Note that if you have too many differentially expressed qualifiers, some annotation tools (e.g. DAVID) will not work. Try changing your filter criteria to get a list of fewer than 3000 qualifiers. Similarly, if you have too few differentially expressed genes, you can pick the top few hundred genes by rank. You could also relax your filter criteria substantially. In either case, describe what you did and your decision-making process.

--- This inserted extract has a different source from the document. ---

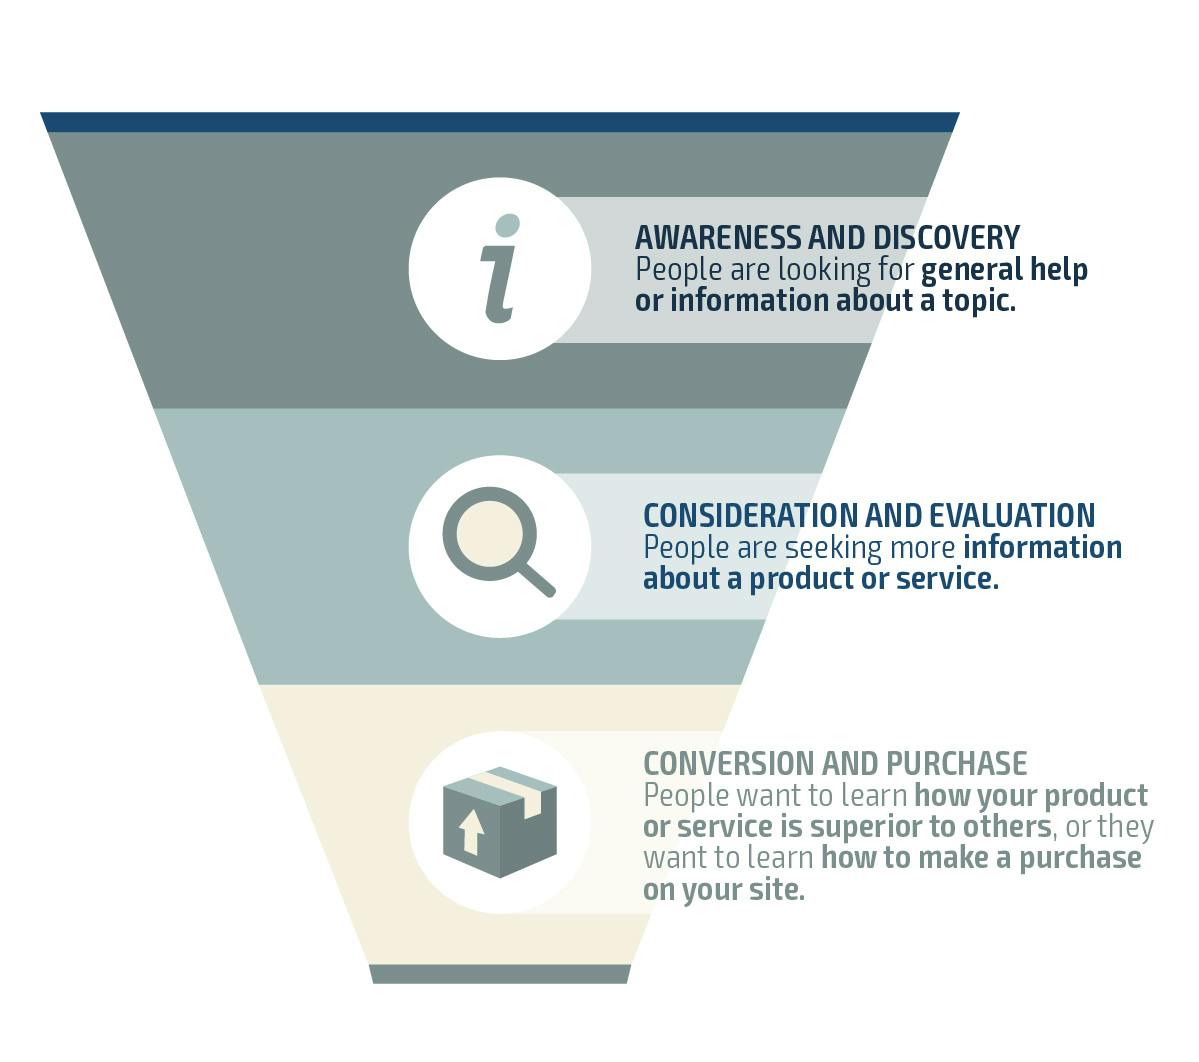 how to build a sales funnel

4. Save your differentially expressed probe set ids to a text file. Upload the list with your submission.

5. Functional analysis

Perform a functional analysis of this gene list in DAVID. This is a different tool than the one we used in lab, but one that allows you to upload probe set IDs from affymetrix arrays directly. You can also choose different annotation categories, although GO is among the defaults.

Go to the DAVID web site and choose Start Analysis from the top menu. In Step 1, choose your probe id text file to upload. For Step 2, use the default, "Affymetrix_3prime_ivt_id." For Step 3, click Gene List, then submit. Click Functional Annotation Chart from the presented tool list (you may explore others as well), and then on the next screen, verify that the Background is Homo sapiens (if not, choose Background from the menu at the left and ensure that it is). You can also expand the annotation categories and see what the options are. Finally, click the Functional Annotation Chart button and look at the resulting output file.

Include in your writeup a description of what you found, and what you learned about the original experiment. How does your analysis relate to what, if anything, the original authors describe learning from the data set (in either the associated publication, or the GEO series description)?

6. Submit your results

In Gradescope, upload your writeup with all the information listed above, the file containing the list of differentially expressed qualifiers, and the two data files for genepattern.


Details for part b)

The file you will use for converting probe set IDs from the arrays used in this study (HG-U133_2.0 arrays) is here.

This file is tab-delimited. The first column is the name of the probe set ID. The second is the gene symbol, or a number of gene symbols separated by the sequence " /// ". The third is a description of the gene.

Write a script that first reads in all the probe set IDs from your list of differentially expressed genes. Create a dictionary called "desired." The keys of this dictionary should be probe set IDs from your list; the values should all be 1. (So this is a dictionary that has a probe set ID as a key only if it is on your list of differentially expressed genes.)

Now read the HG-U133_Plus_2.annot.txt file, line by line. When you read a line, assign the probe set ID to one variable (with a suitable name) and the gene symbol to another. If that probe set ID is in the "desired" dict, print the value of the gene symbol corresponding to that probe set ID to an output file. After reading the entire file, you should have all the desired gene symbols, although some of them will not yet be usable because they include multiple symbols separated by "///", and others are blanks (denoted "---" in the file).

Next, revise your code to split up the gene symbol string by the sequence " /// " and print out only the first part. Finally, if the gene symbol is "---", don't print anything for that probe set ID.

The resulting output file should contain exactly and only the gene symbols corresponding to the differentially expressed genes in your data set.

Now upload this list to the Gene Ontology enrichment tool. Compare the annotation you found in this part of the project to that in part a. What similarities or differences are there?

Please upload the following files to Gradescope:

  1. Your Python script
  2. The file you used as input to your Python script
  3. A paragraph summarizing your findings in the GO enrichment tool and explaining how the output of your script relates to what you saw in the functional enrichment analysis of the gene list in part a.